As if to demonstrate their solidarity with the nation during the pandemic and to set an example to the UK, as it emerges from lockdown, the family walked distanced behind the Duke’s body. Leading by example, the Queen seated with the Duchess of Cornwall in the Royal Rolls Royce wore a mask, yet her car followed the casket. Only in death was the Duke allowed to take the lead, for the first and last time. Royal protocol denotes that the Queen’s consort must walk two steps behind his wife.

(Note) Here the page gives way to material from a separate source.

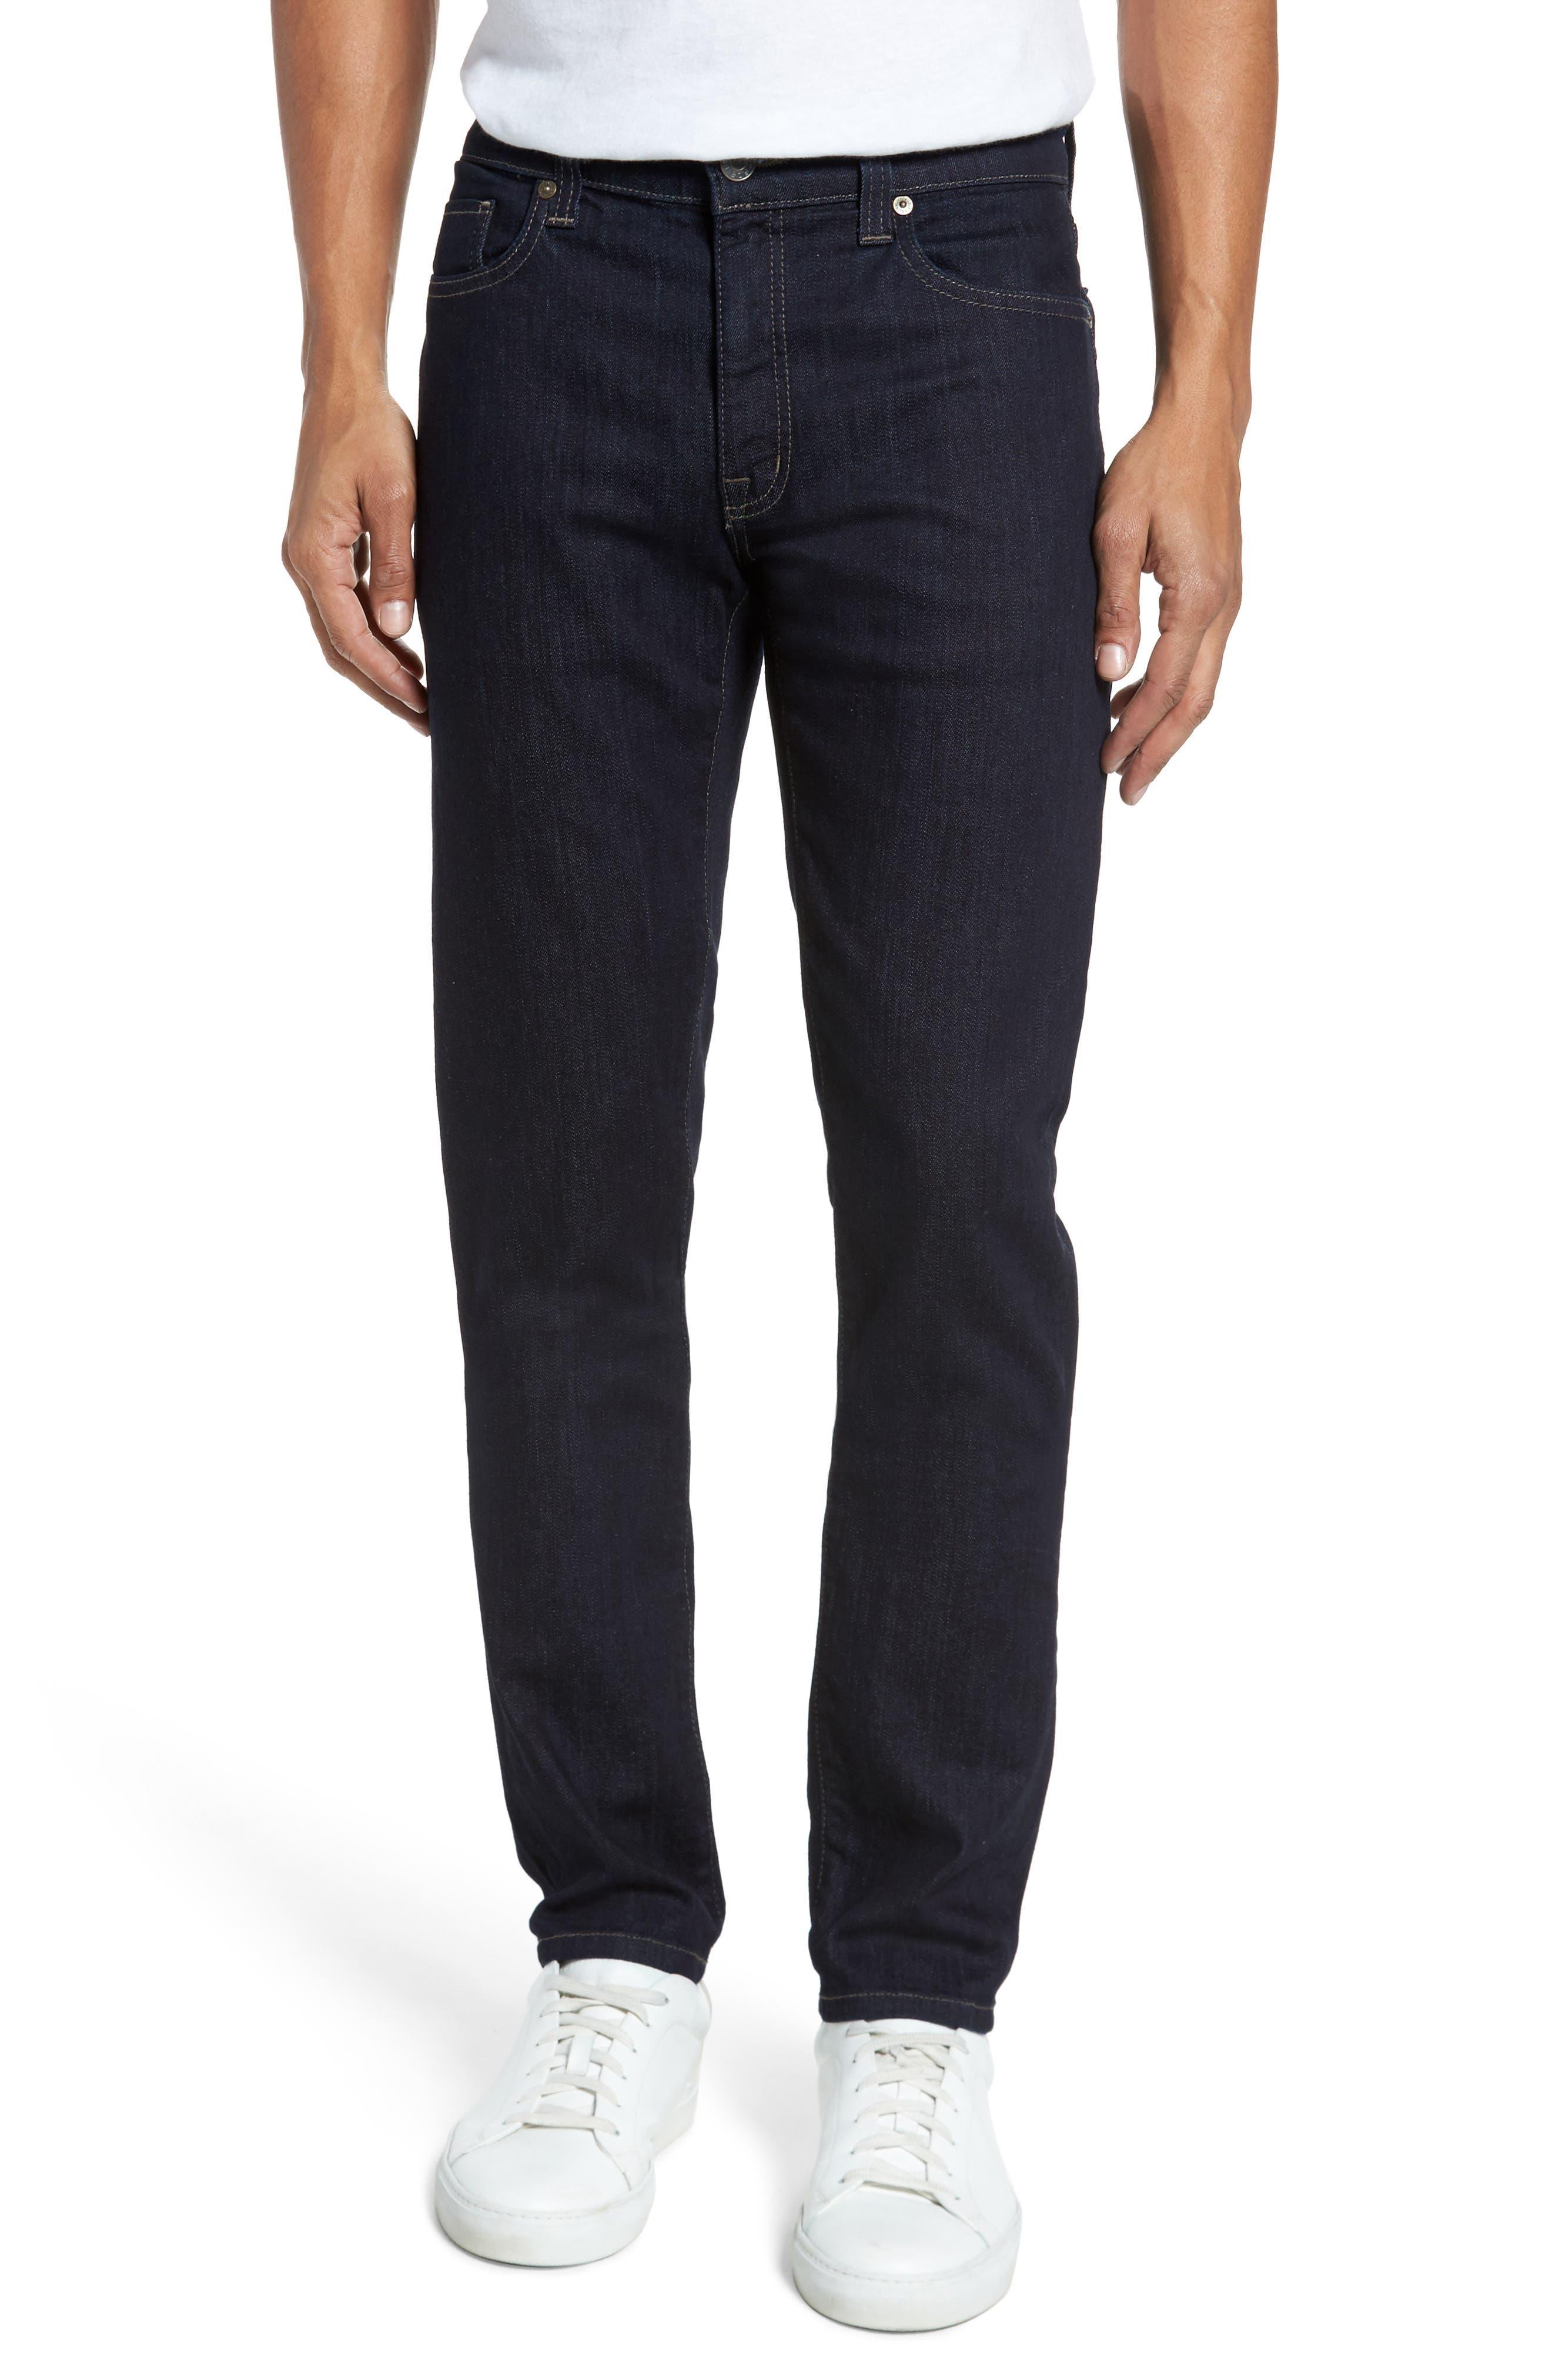 Alternate Image 1 Selected - Fidelity Denim Slim Fit Jeans (Galaxy)

Seeing the sad procession of Princes and one lone Princess (Anne) reminded me of seeing the princes, Harry and William, walk behind the body of their mother, aged 12 and 15. It was the Duke drawing from his own experience of losing members of his family in a plane crash when he was a  boy, who apparently said to his grandsons “If you don’t walk you will regret it for the rest of your lives’ adding “If you walk, I’ll walk with you”. And that in turn conjured the image of my own son, insisting on being one of the pallbearers, carrying my Father, his grandfather’s coffin, into the chapel at his funeral. He was 10 years old.

The Book of the preacher ecclesiastes which was read at the service alluded to the glory and terror of nature chimed with World Earth Day on April 22nd. My parents had been to a Royal Garden Party at Buckingham Palace many years ago when the entire royal family was there. Prince Philip had been an extremely keen gardener, my Father was too and would spend many hours in contemplation, away from the stresses and losses (and gains) experienced in the hospital. A few years ago, many of us would not be able to picture an Intensive Care Unit – sadly we can now.

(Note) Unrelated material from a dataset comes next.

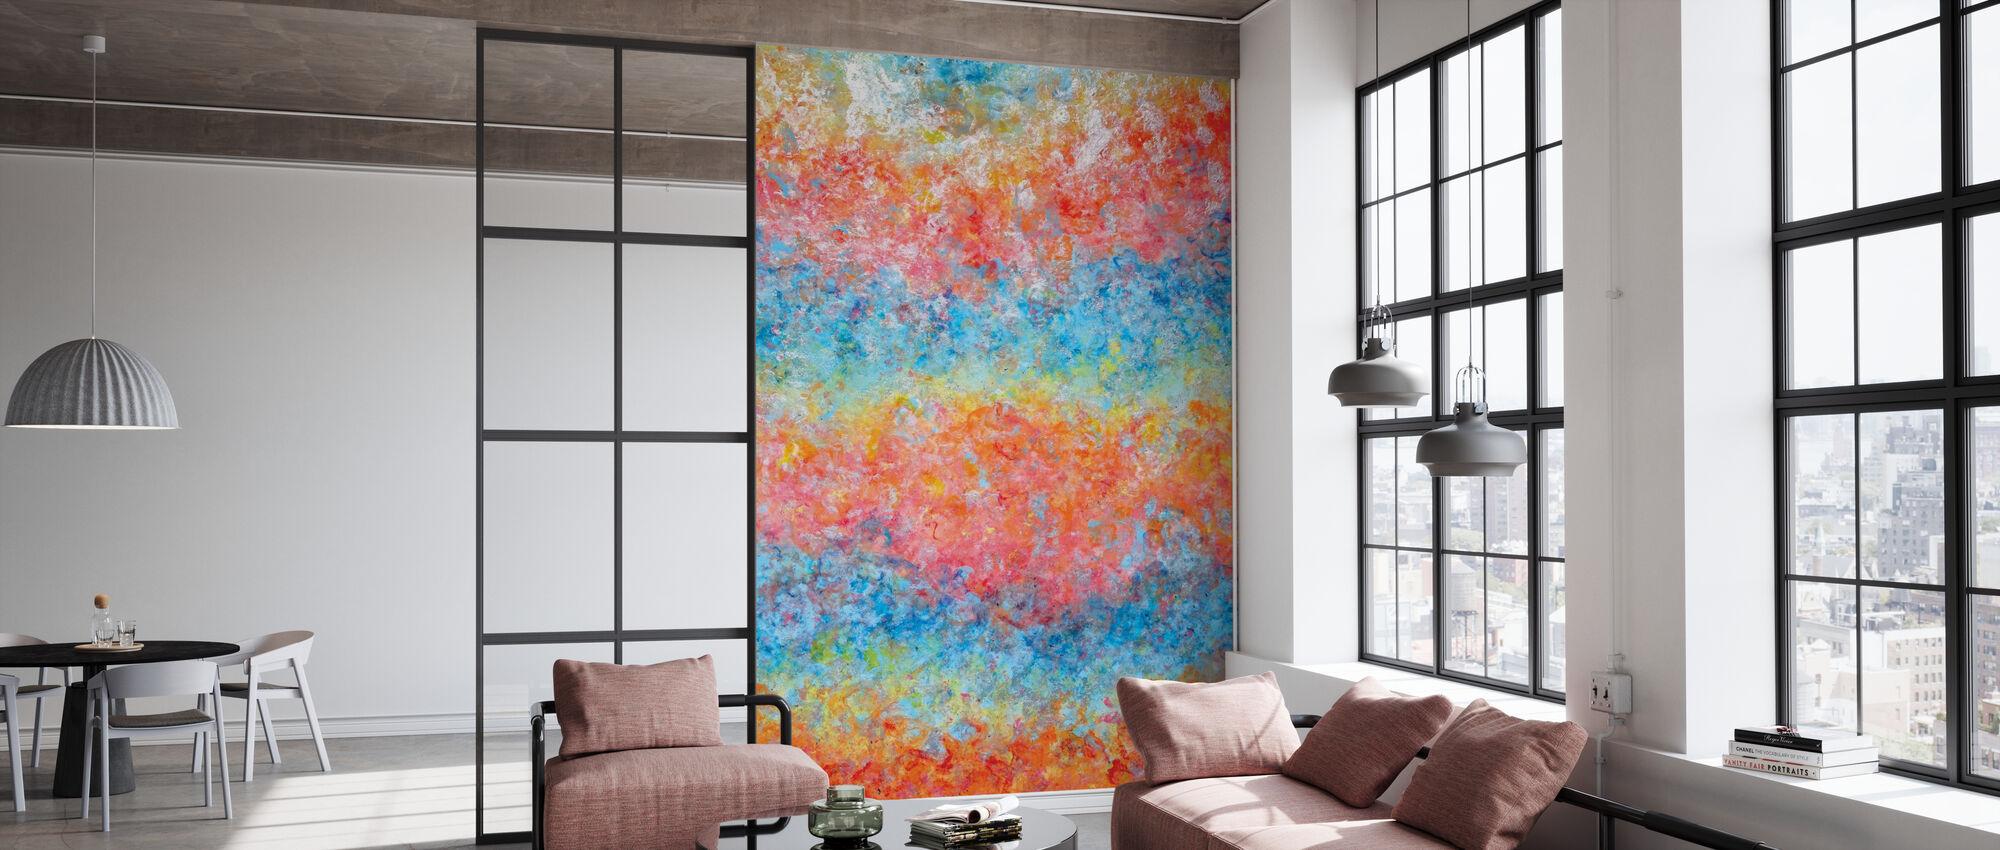 Aurora - Wallpaper - Office

In Delhi, the day before the funeral broadcast, the late afternoon sky brought wild wind and dust clouds. Rain, thunder and lightning ensued as if the weather itself had an announcement. I read that one of my favourite actors had died, her illness had not been shared with the public. She termed herself an ‘interpreter of stories’. She was much more. Prince Philip’s stay in hospital and heart surgery a month before his death was very much public knowledge. Helen McCory chose to keep her battle a private one. Her cancer was known only to those with whom she cared to share it. That she was 52, so young, with more of her brilliant career to give and life to live, makes her loss heartbreaking.

Waves rise and crest and eventually break. Legends, be they public, private or personal are immortal. The remains of a life in memory, legacy or genes passed down through the generations. What goes on behind closed doors. What people know or think they know.  We only ever have half the story of anyone, there is always so much more. That is true of all of us.